MMToM-QA: Multimodal Theory of Mind Question Answering






Published 6/18/2024 by Chuanyang Jin, Yutong Wu, Jing Cao, Jiannan Xiang, Yen-Ling Kuo, Zhiting Hu, Tomer Ullman, Antonio Torralba, Joshua B. Tenenbaum, Tianmin Shu
MMToM-QA: Multimodal Theory of Mind Question Answering


Theory of Mind (ToM), the ability to understand people's mental states, is an essential ingredient for developing machines with human-level social intelligence. Recent machine learning models, particularly large language models, seem to show some aspects of ToM understanding. However, existing ToM benchmarks use unimodal datasets - either video or text. Human ToM, on the other hand, is more than video or text understanding. People can flexibly reason about another person's mind based on conceptual representations (e.g., goals, beliefs, plans) extracted from any available data. To address this, we introduce a multimodal Theory of Mind question answering (MMToM-QA) benchmark. MMToM-QA comprehensively evaluates machine ToM both on multimodal data and on different kinds of unimodal data about a person's activity in a household environment. To engineer multimodal ToM capacity, we propose a novel method, BIP-ALM (Bayesian Inverse Planning Accelerated by Language Models). BIP-ALM extracts unified representations from multimodal data and utilizes language models for scalable Bayesian inverse planning. We conducted a systematic comparison of human performance, BIP-ALM, and state-of-the-art models, including GPT-4. The experiments demonstrate that large language models and large multimodal models still lack robust ToM capacity. BIP-ALM, on the other hand, shows promising results, by leveraging the power of both model-based mental inference and language models.

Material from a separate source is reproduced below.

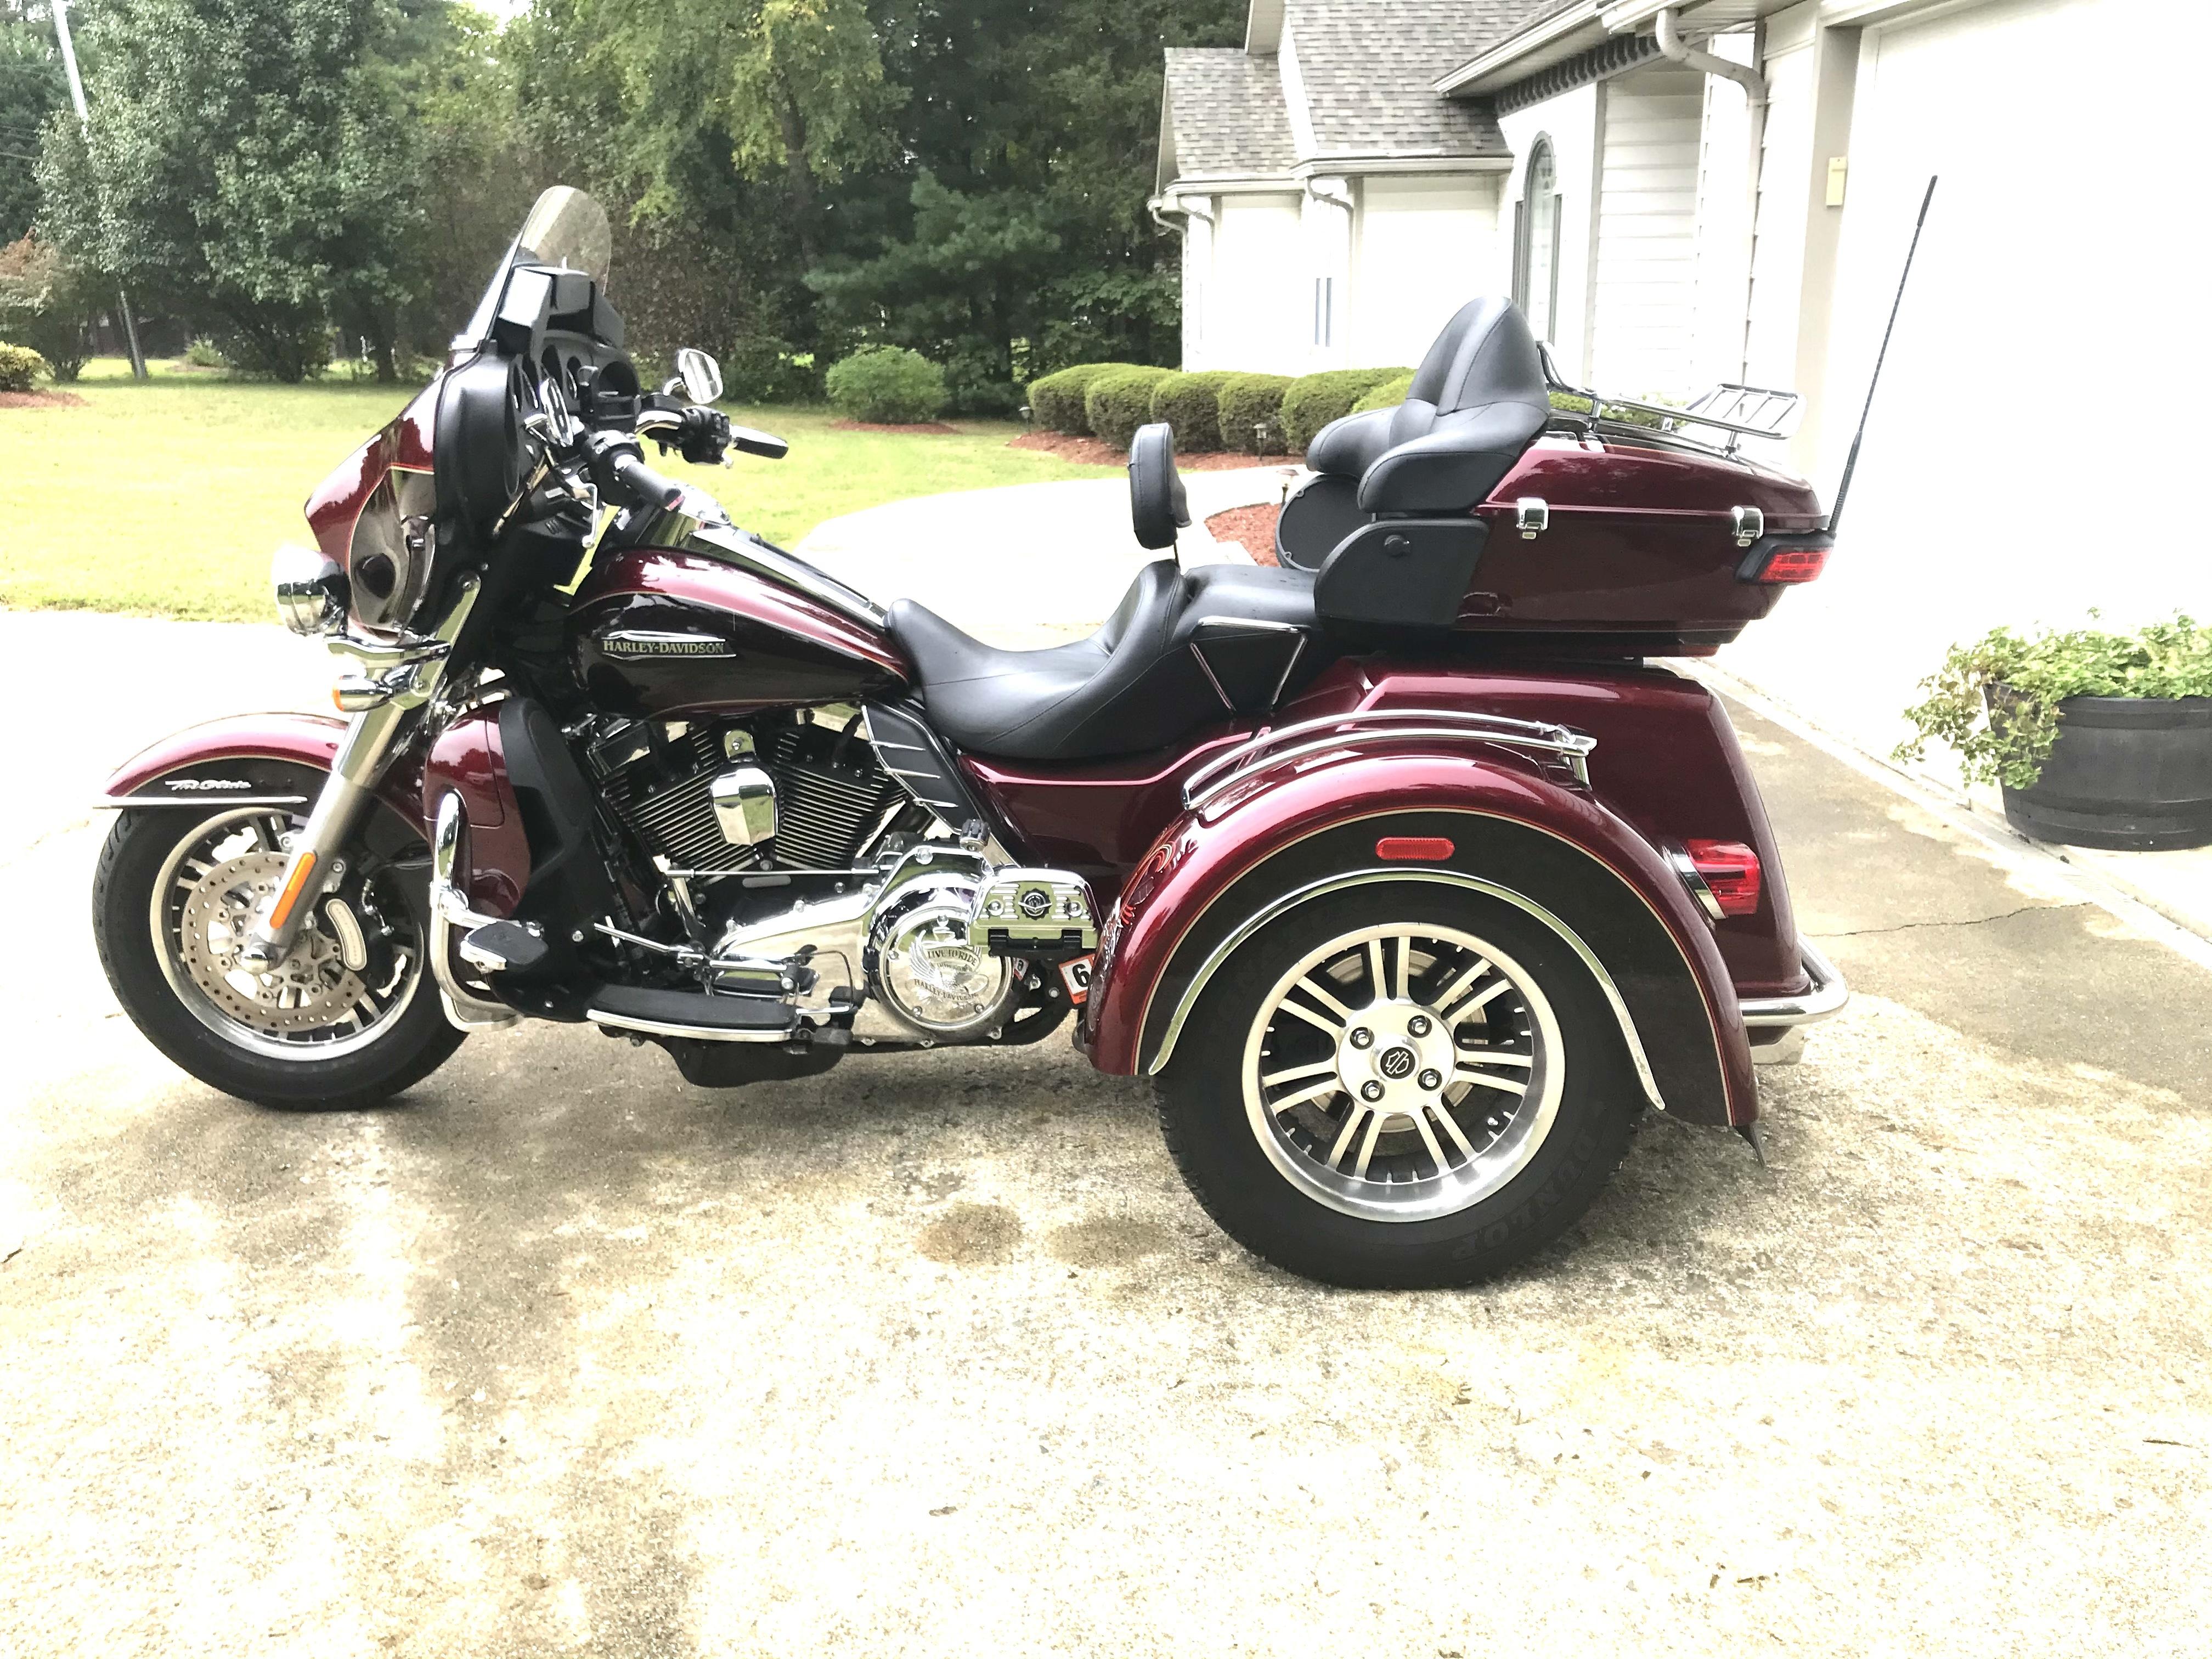 Photo 2014 Harley-Davidson TRI GLIDE ULTRA CLASSIC $23900396.74396.74

Create account to get full access


If you already have an account, we'll log you in


  • This paper introduces a new benchmark called "MMToM-QA" (Multimodal Theory of Mind Question Answering) for evaluating a model's ability to reason about the mental states of others.
  • The benchmark consists of a large dataset of multimodal (text and images) questions that require understanding the beliefs, desires, and intentions of the characters depicted.
  • The authors use this benchmark to assess the theory of mind capabilities of large language models (LLMs), which have recently been shown to exhibit human-like reasoning abilities.

Plain English Explanation

The paper presents a new way to test how well AI systems can understand the thoughts and feelings of other people. It's called the "MMToM-QA" benchmark, which stands for "Multimodal Theory of Mind Question Answering."

The idea is to show AI systems a series of images and text-based questions that require understanding the mental states of the characters involved. For example, a question might be "Why did the character in the image do that?" or "What does the character want to happen next?" To answer these questions correctly, the AI needs to have a "theory of mind" - the ability to imagine what someone else is thinking or feeling.

The researchers use this benchmark to evaluate large language models (LLMs), which are AI systems that can understand and generate human-like text. Recent studies have shown that these LLMs can exhibit human-like reasoning abilities, so the researchers wanted to see how well they could perform on this theory of mind task.

Technical Explanation

The MMToM-QA benchmark consists of a large dataset of multimodal (text and images) questions that require understanding the beliefs, desires, and intentions of the characters depicted. The dataset was created by crowdsourcing questions based on a variety of visual scenes, and it covers a range of theory of mind reasoning skills, from basic perspective-taking to more complex reasoning about social interactions and emotional states.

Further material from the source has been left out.